## [Brief]
Transcribe the listing below only from the line with "Welcome back to" up to and including the line with "#picksup #gominers".

## [The data]
——————

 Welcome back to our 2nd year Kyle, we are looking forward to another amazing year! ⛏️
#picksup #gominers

——————

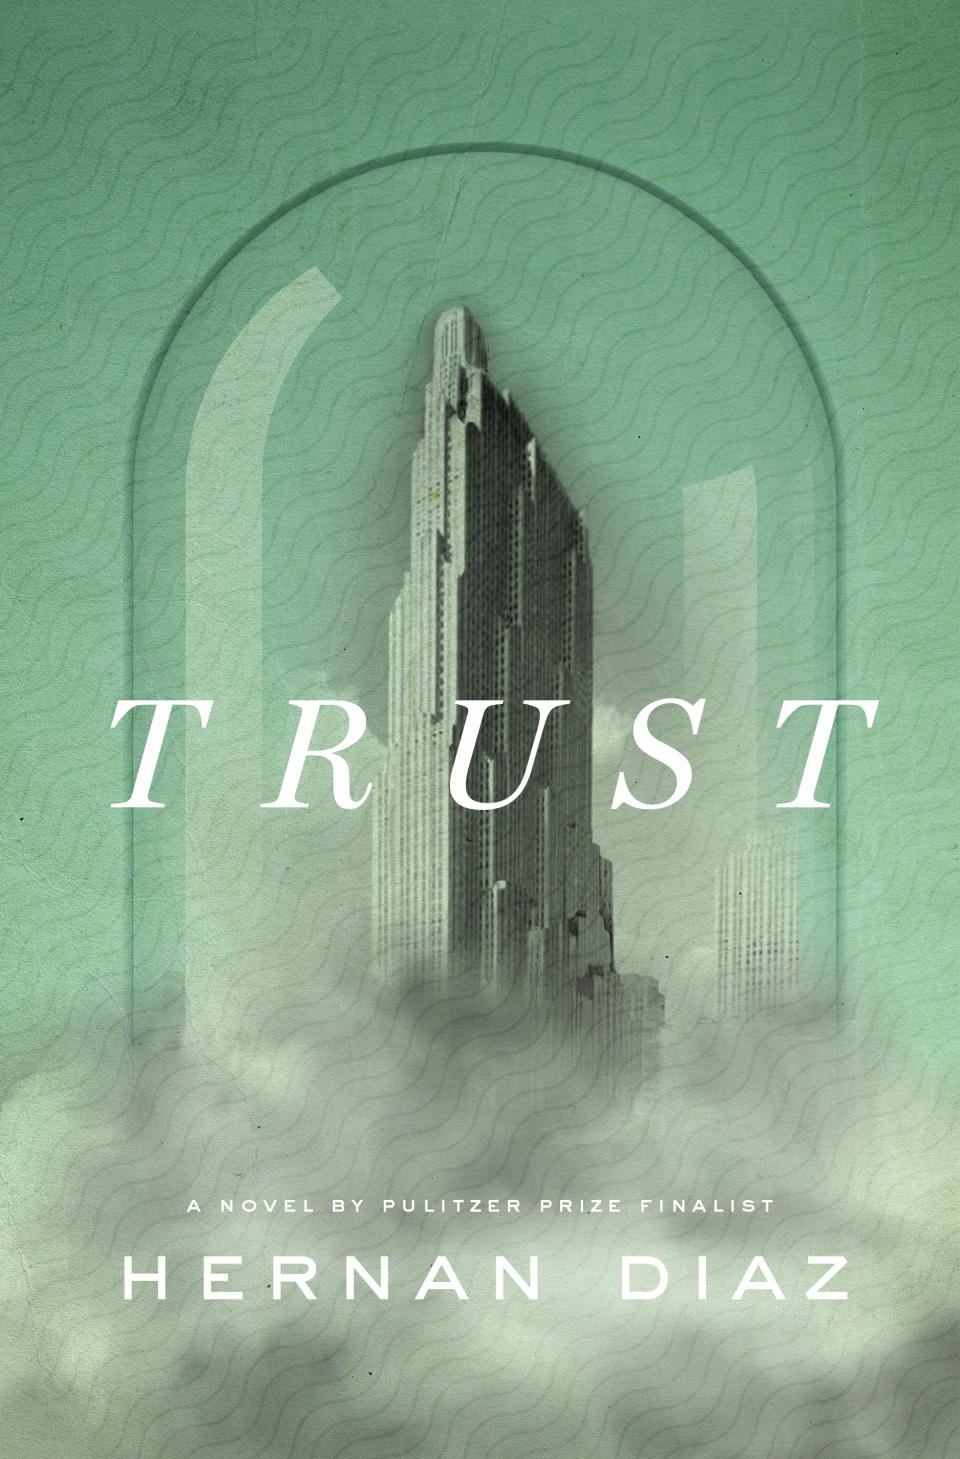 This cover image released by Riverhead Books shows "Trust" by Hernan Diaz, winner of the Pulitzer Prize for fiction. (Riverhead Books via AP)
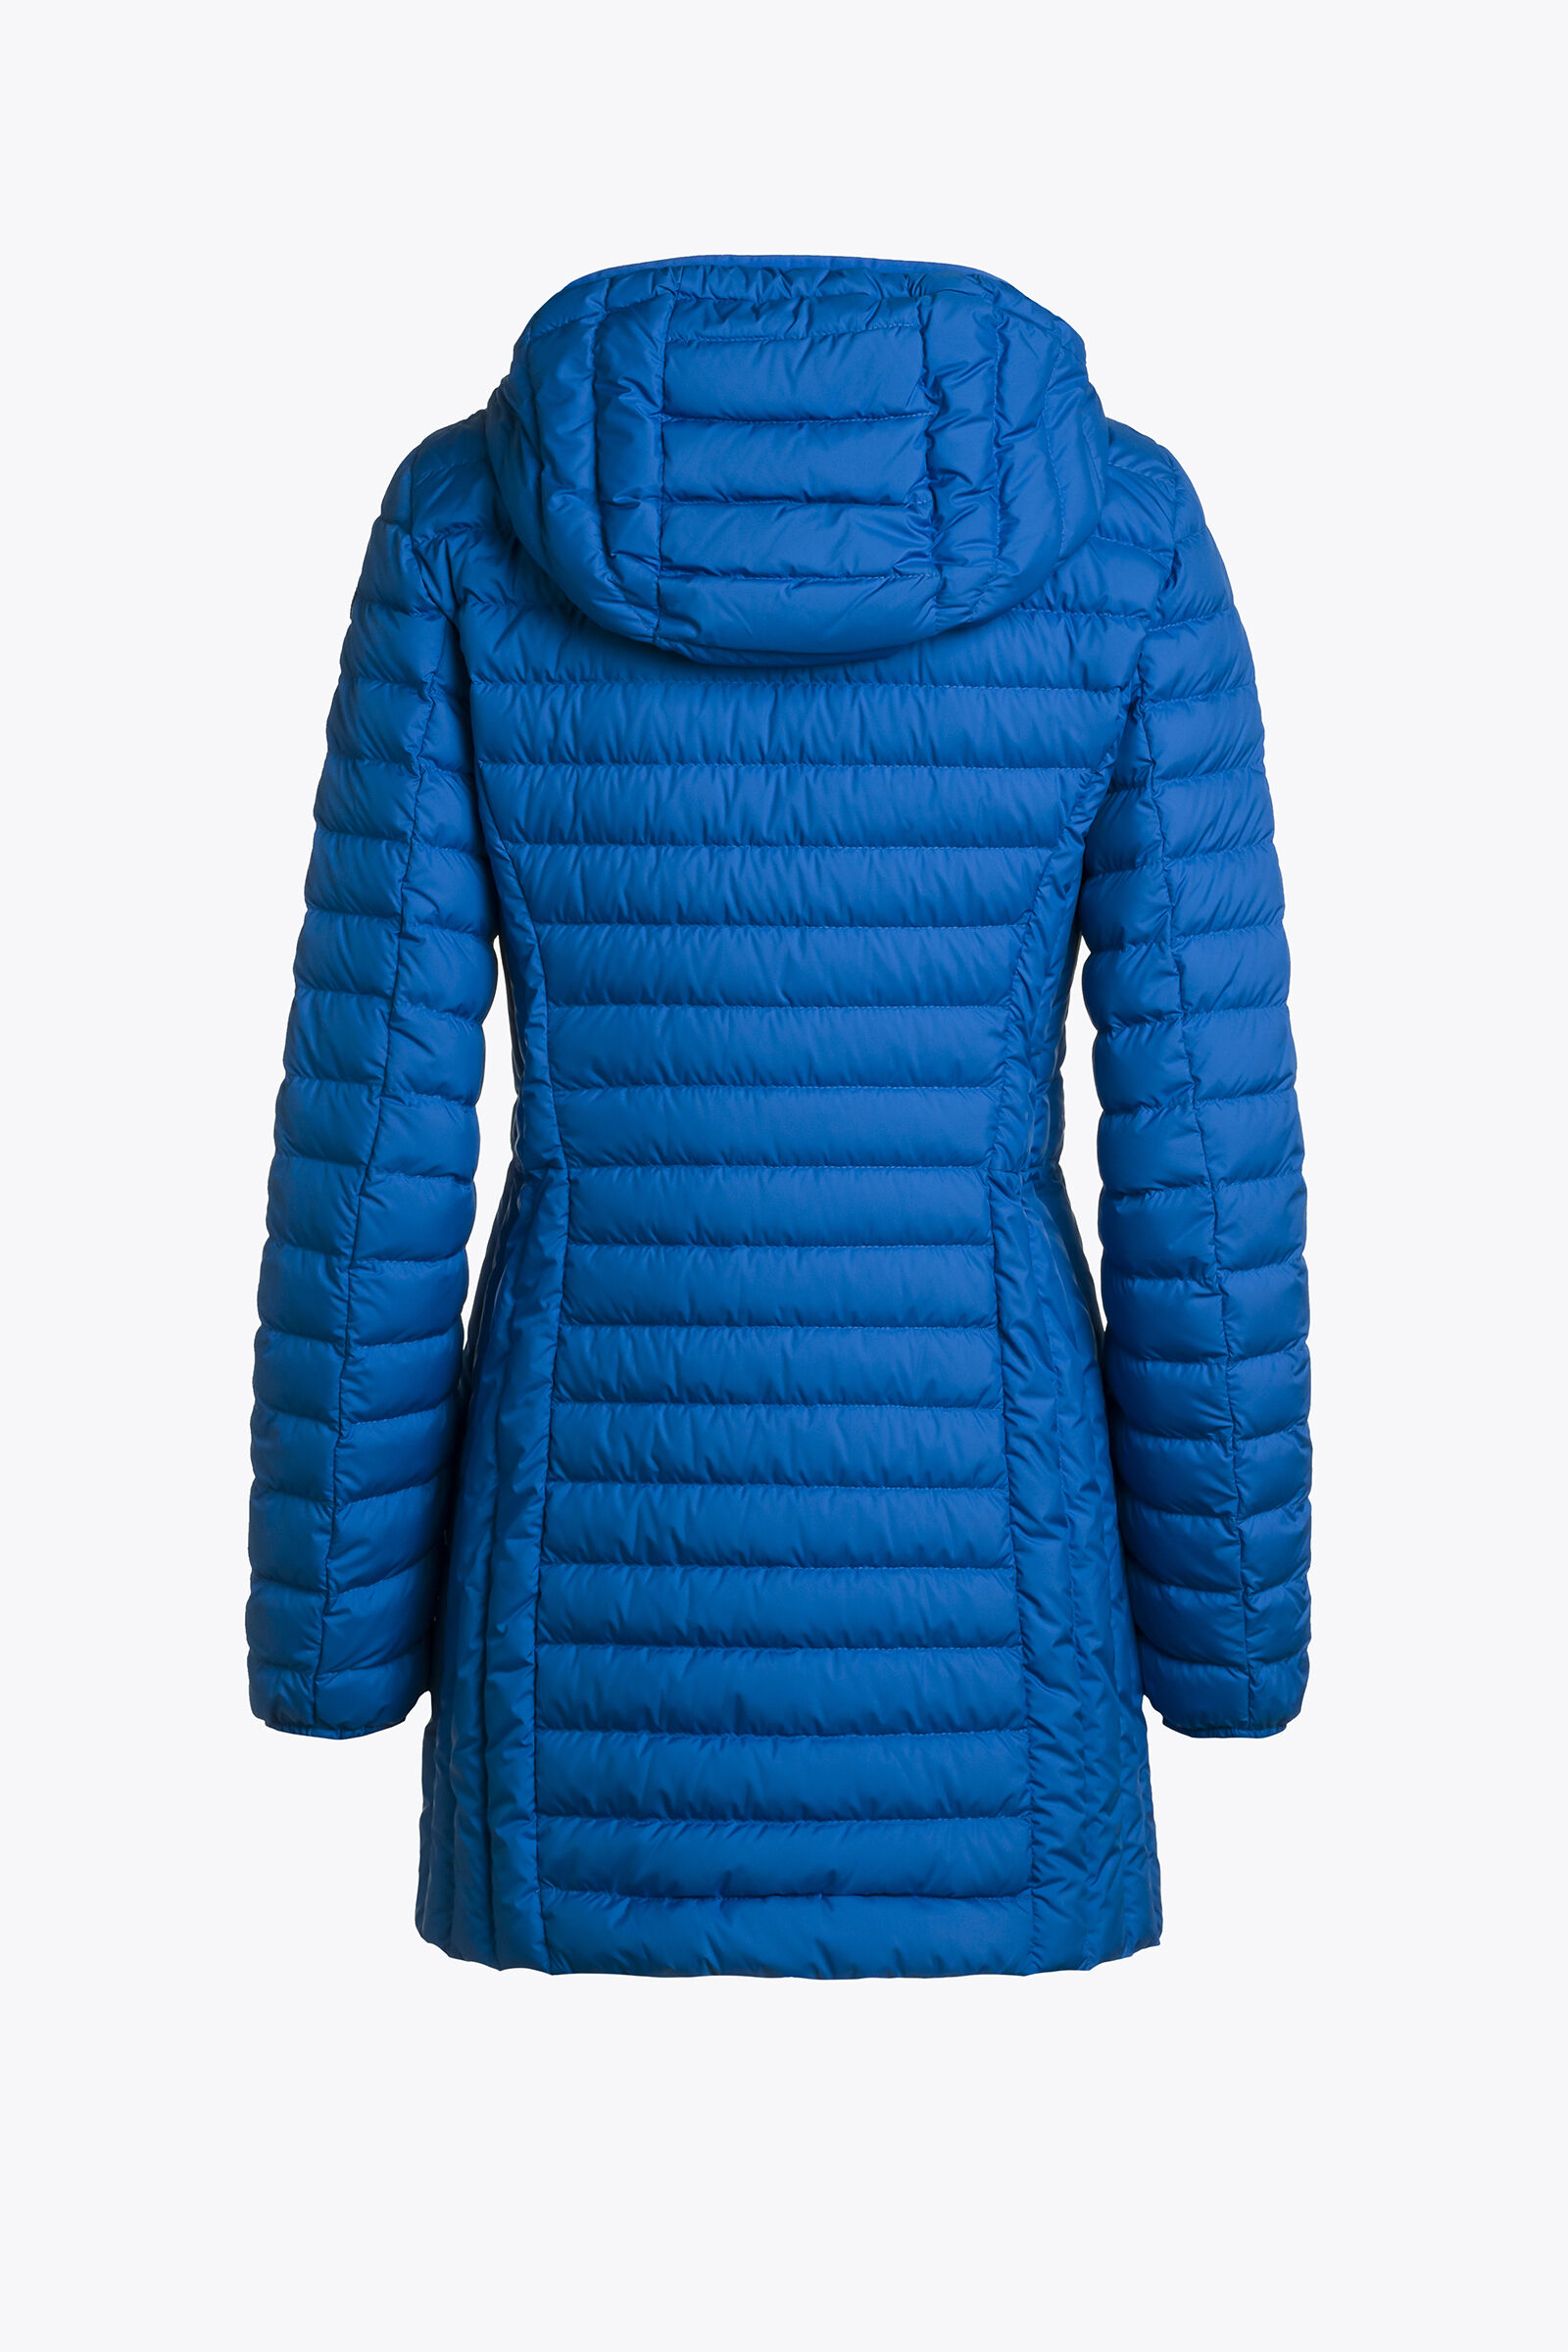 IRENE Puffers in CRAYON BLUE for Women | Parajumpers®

——————

## [Final answer]
 Welcome back to our 2nd year Kyle, we are looking forward to another amazing year! ⛏️
#picksup #gominers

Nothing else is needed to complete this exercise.